A ring-shaped slider 20 is provided on the outer peripheral surface of the operation pipe 19 so as to be movable along the axial direction. A fixing ring 22 is disposed behind the slider 20 via a coil spring (elastic member) 21.

Further, the proximal end portion of the grip portion 23 is connected to the distal end portion of the operation pipe 19 via an action pin so as to be rotatable. This gripping part 23 constitutes a treatment part of the ultrasonic medical device 1 together with the distal end part 31 of the probe 6. When the operation pipe 19 moves in the axial direction, the grip portion 23 is pushed and pulled in the front-rear direction via the action pin. At this time, when the operation pipe 19 is moved to the hand side, the grip portion 23 is rotated clockwise about the fulcrum pin via the action pin. As a result, the gripping portion 23 rotates in the direction approaching the distal end portion 31 of the probe 6 (the closing direction). At this time, the living tissue can be grasped between the single-opening type grasping portion 23 and the distal end portion 31 of the probe 6.

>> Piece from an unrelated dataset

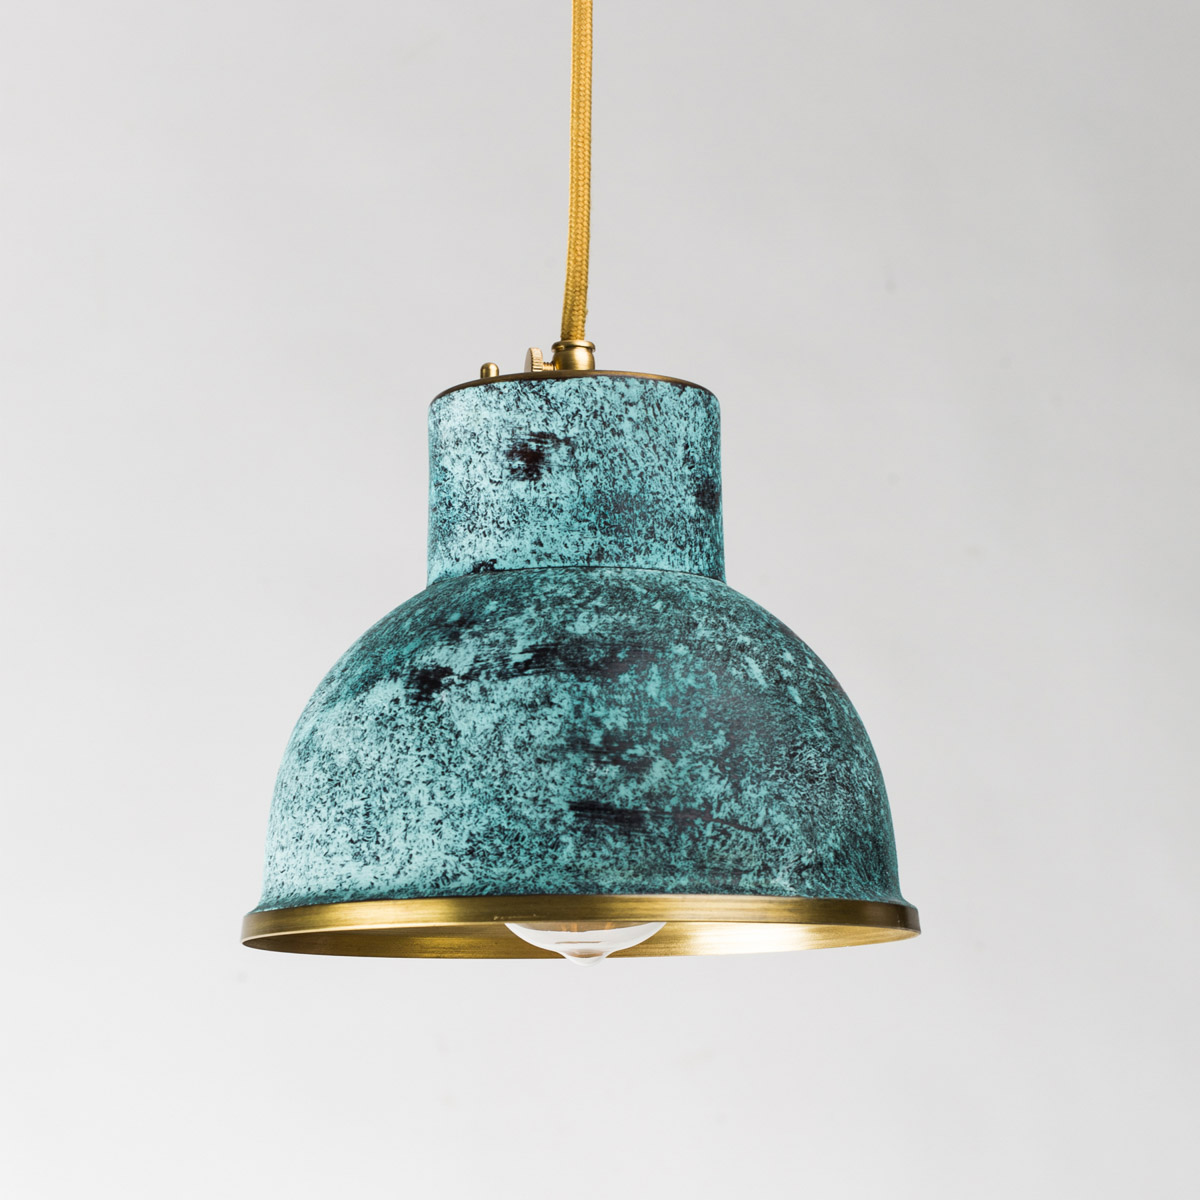 Потолочный светильник латунный Italy зеленый

In such a state where the living tissue is gripped, power is supplied from the ultrasonic power source to the ultrasonic vibrator 2 to vibrate the ultrasonic vibrator 2. This ultrasonic vibration is transmitted to the tip 31 of the probe 6. And the treatment of the biological tissue currently hold | gripped between the holding part 23 and the front-end | tip part 31 of the probe 6 is performed using this ultrasonic vibration.

(Vibrator unit)
Here, the vibrator unit 3 will be described.
As shown in FIG. 2, the transducer unit 3 integrally assembles an ultrasonic transducer 2 and a probe 6 that is a rod-shaped vibration transmission member that transmits ultrasonic vibration generated by the ultrasonic transducer 2. It is a thing.

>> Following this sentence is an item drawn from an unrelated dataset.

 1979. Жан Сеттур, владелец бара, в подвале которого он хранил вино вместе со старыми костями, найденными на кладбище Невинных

The ultrasonic vibrator 2 is provided with a horn 32 that amplifies the amplitude of the ultrasonic vibrator. The horn 32 is made of duralumin or a titanium alloy such as 6Al-4V (64Ti). The horn 32 is formed in a conical shape whose outer diameter becomes narrower toward the distal end side, and an outward flange 33 is formed on the base end outer peripheral portion. Here, the shape of the horn 32 is not limited to the conical shape, but may be an exponential shape in which the outer diameter decreases exponentially toward the tip side, or a step shape that gradually decreases toward the tip side. May be.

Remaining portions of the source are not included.